Software has become as crucial to the enterprise of microscopy as confocal and electron microscopes. This is demanded by the advanced quantitation required in modern biology and by the shear quantity of data acquired. Much of the ImageJ software we develop is publicly available at research.stowers.org/imagejplugins. Please follow the instructions there to follow our Stowers Fiji update site. Published source code is available on our individual GitHub sites. Here are the links to those sites:
Jay Unruh: https://github.com/jayunruh
Sean McKinney: https://github.com/jouyun
Chris Wood: https://github.com/cwood1967
Richard Alexander: https://github.com/richard-alexander
Sarah Smith: https://github.com/sarah-ellen-smith
Below I will describe our high level software initiatives.

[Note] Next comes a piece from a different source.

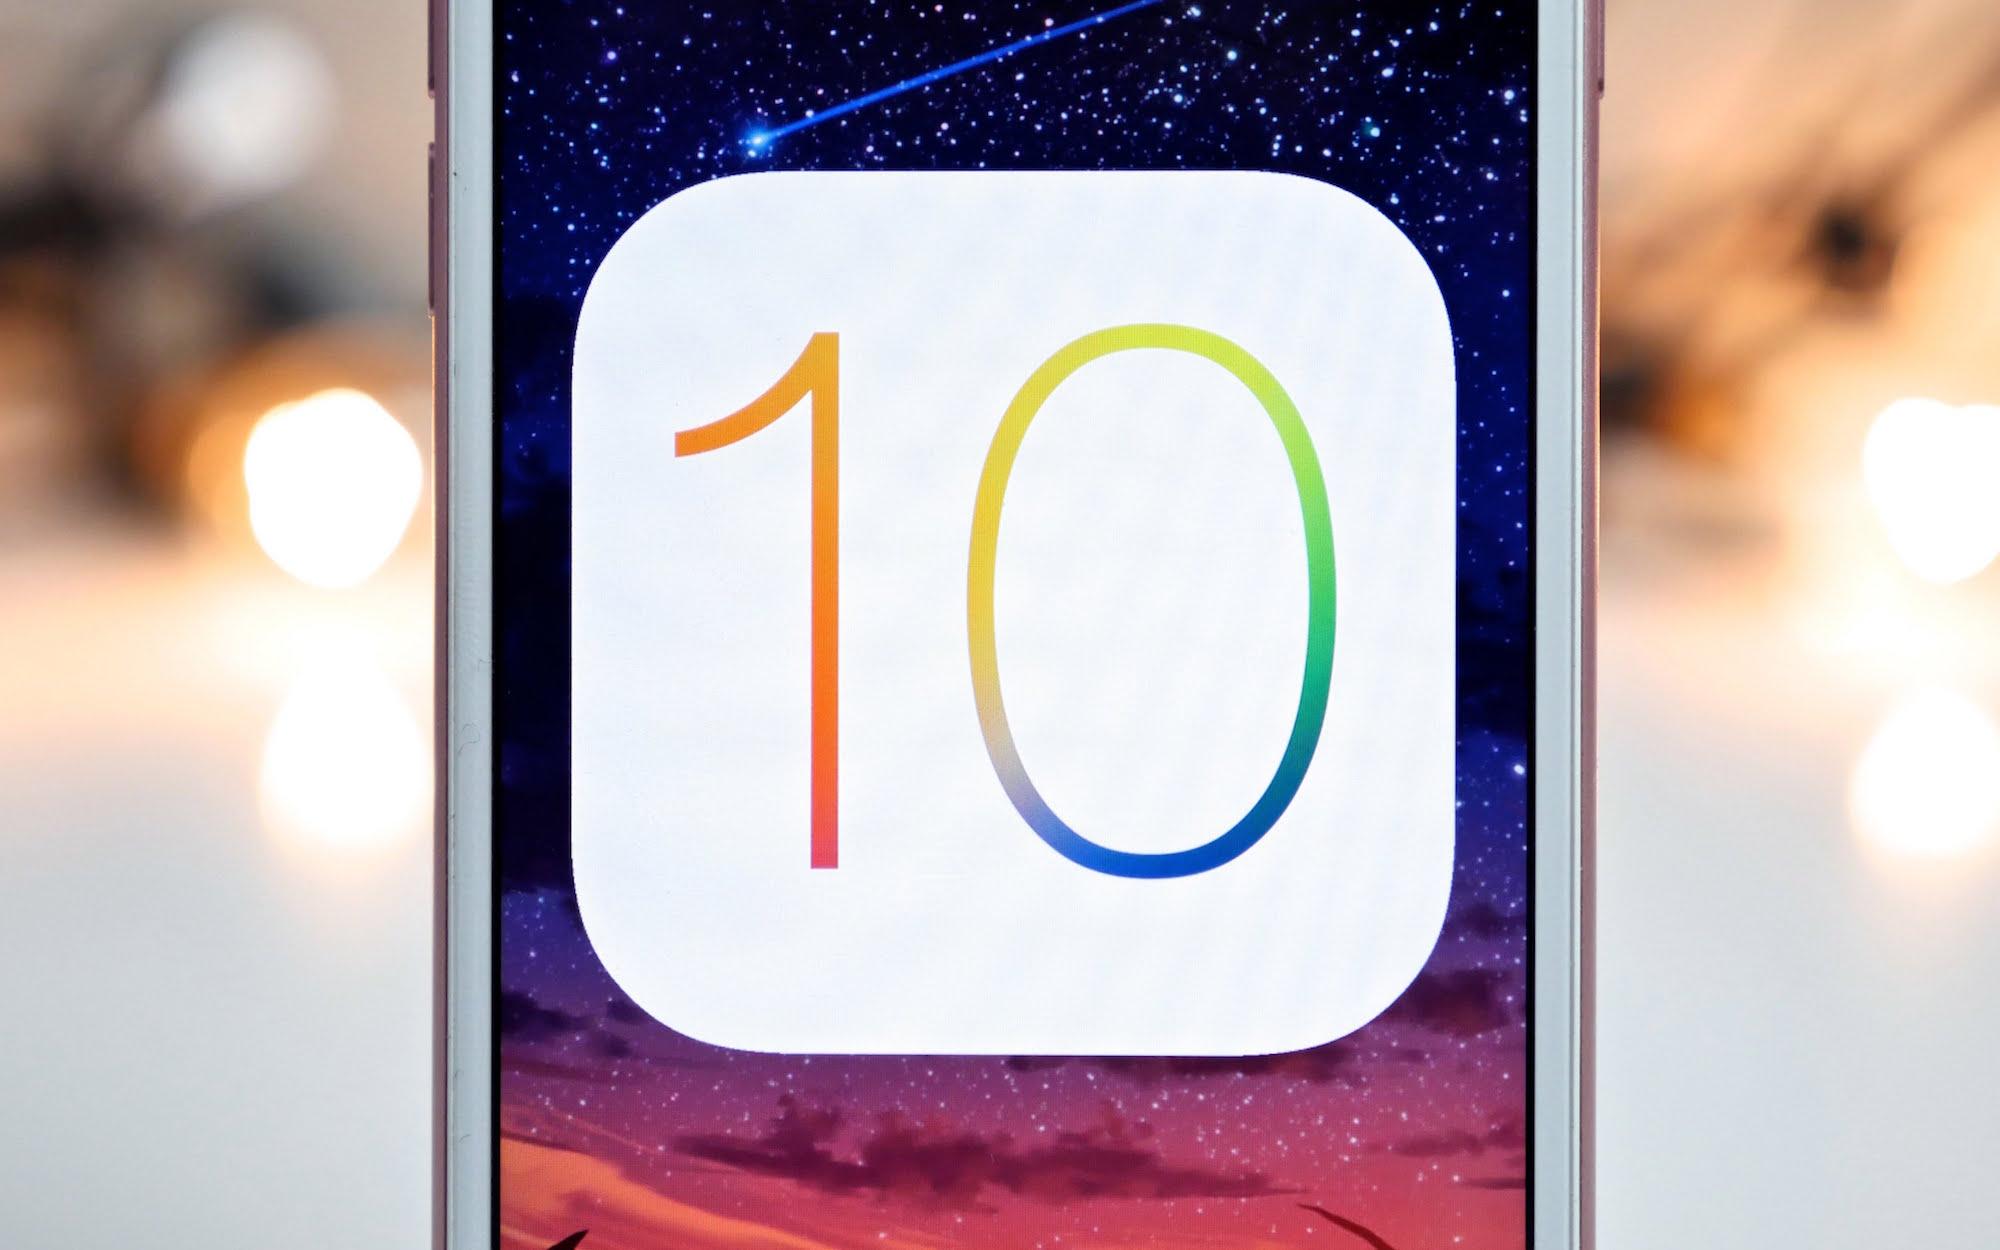 Можно ли обновить iPhone 5S до iOS 10
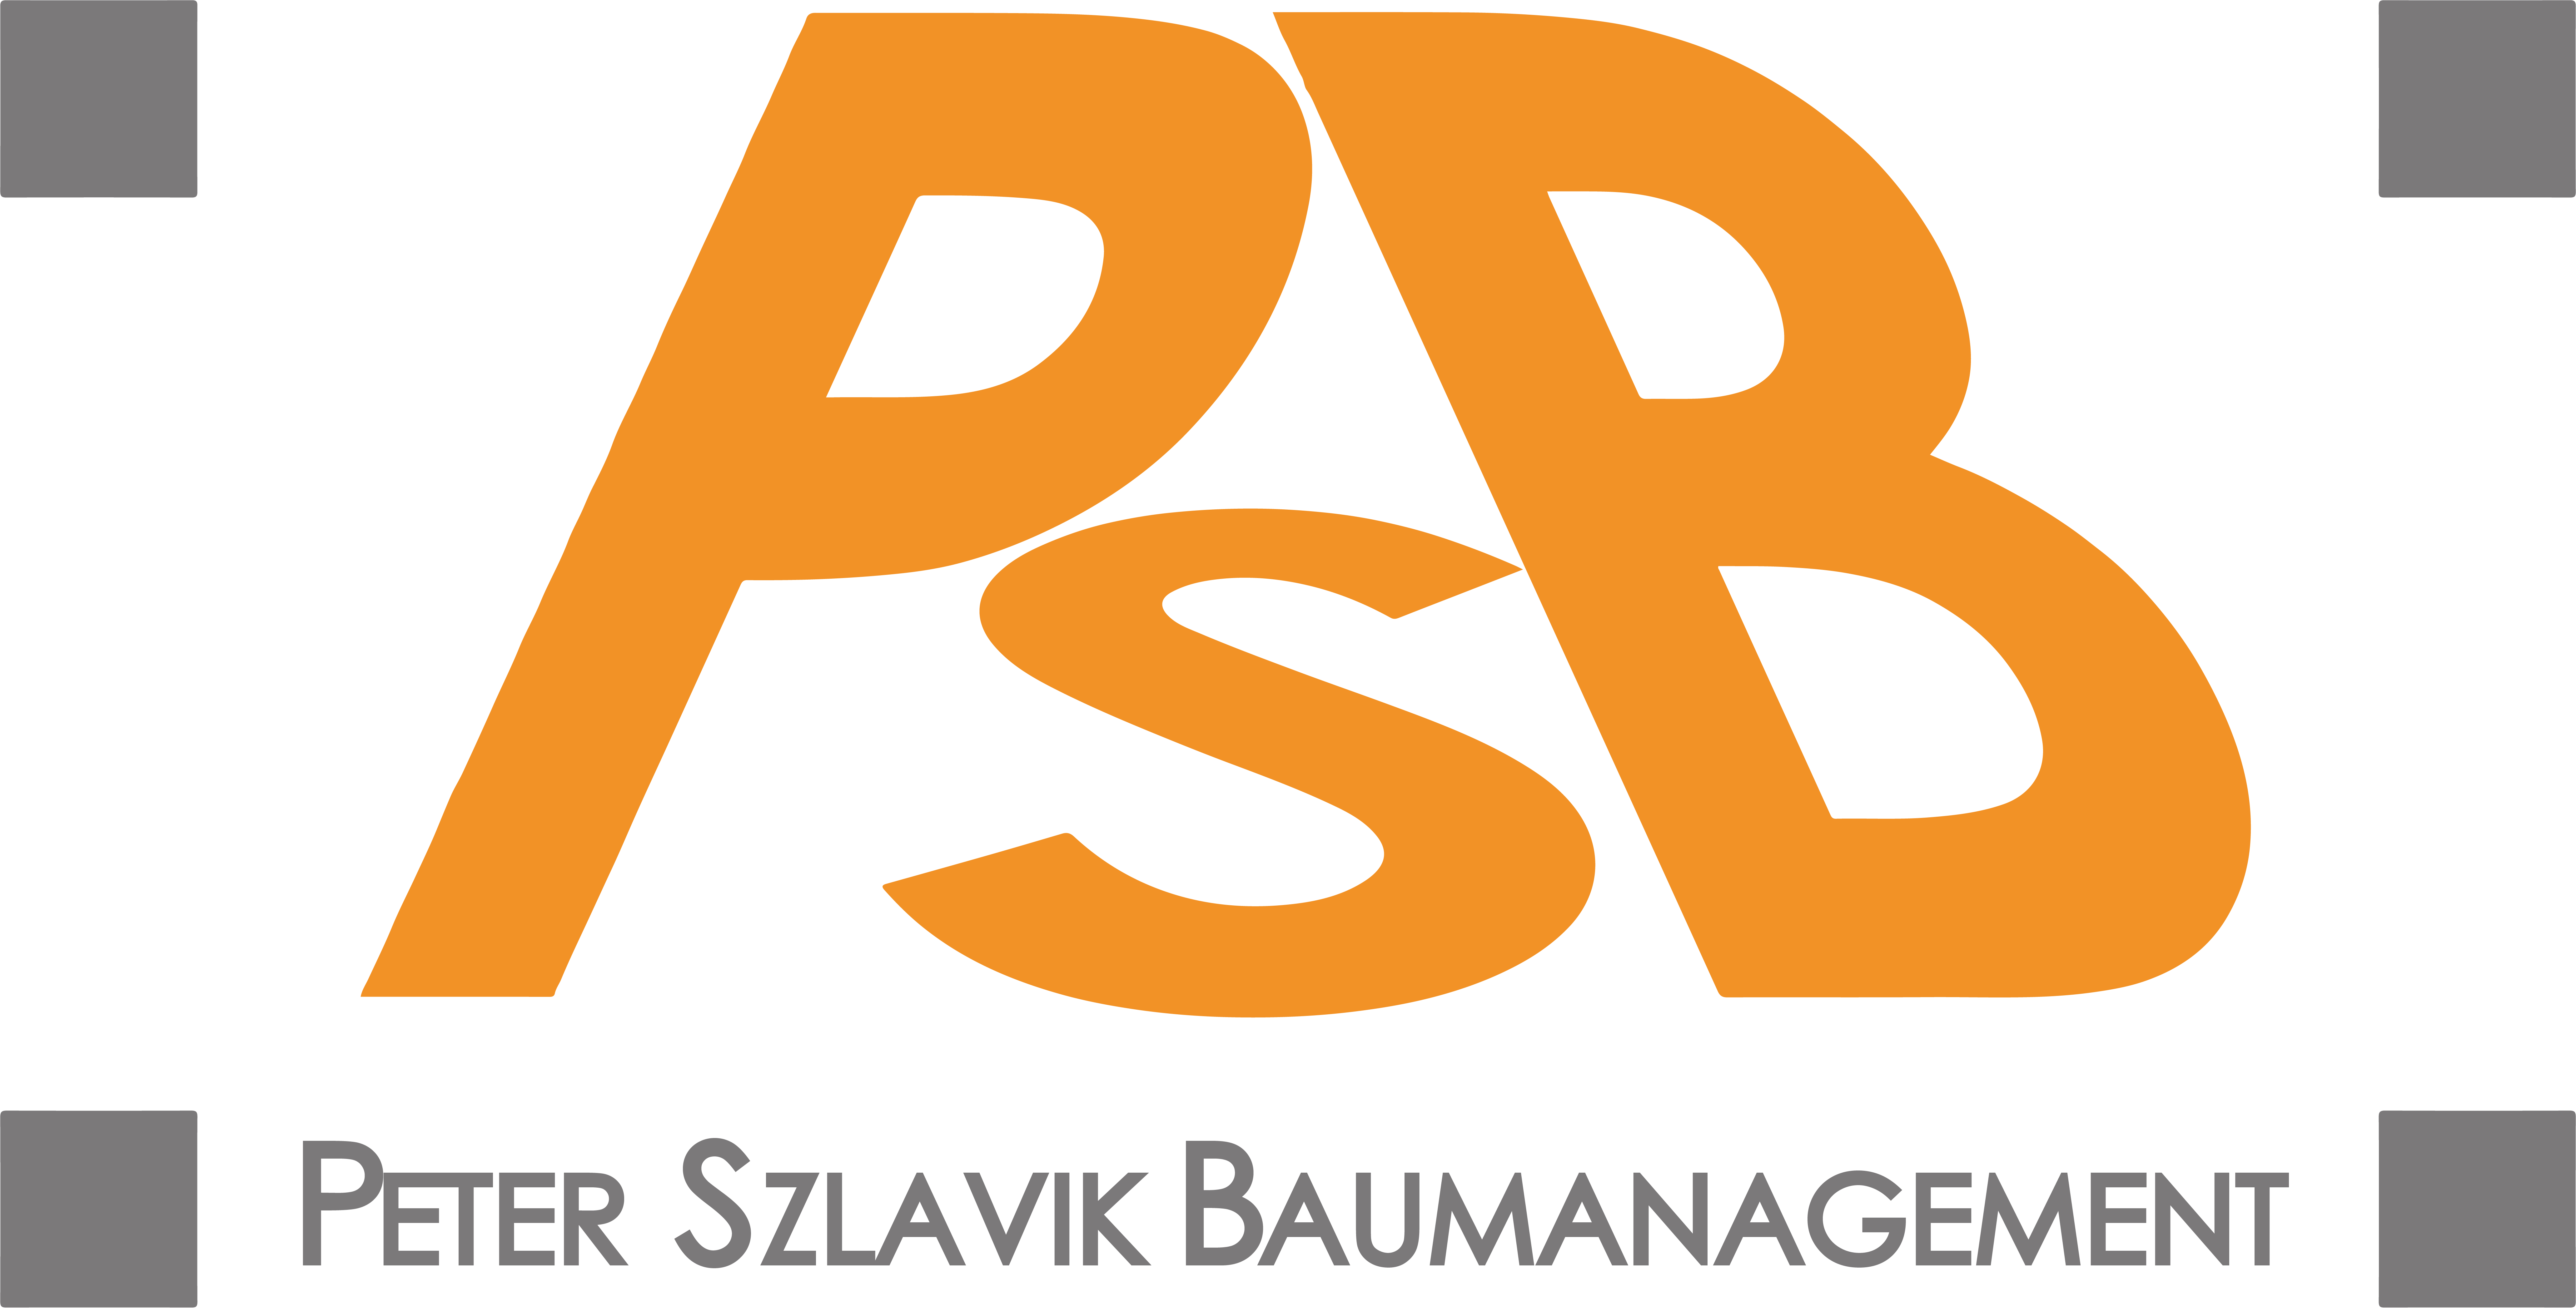 Peter Szlavik Baumanagement

Deep learning has rapidly taken over the world of automated image processing. Stowers has invested significantly in the hardware and training sets required for such activities. We are pursuing applications in electron microscopy segmentation, brightfield and fluorescence microscopy segmentation, and high content cell classification.
The trend in microscopy is towards automated acquisition and quantitative high resolution analysis. The combination of these factors requires custom automated pipelines for analysis. Upon publication, we make the source code available on our github sites (see above).
Along with automated analysis, microscopes are continually becoming more automated. We are using microscope vendor-specific scripting capabilities to automate acquisition where possible.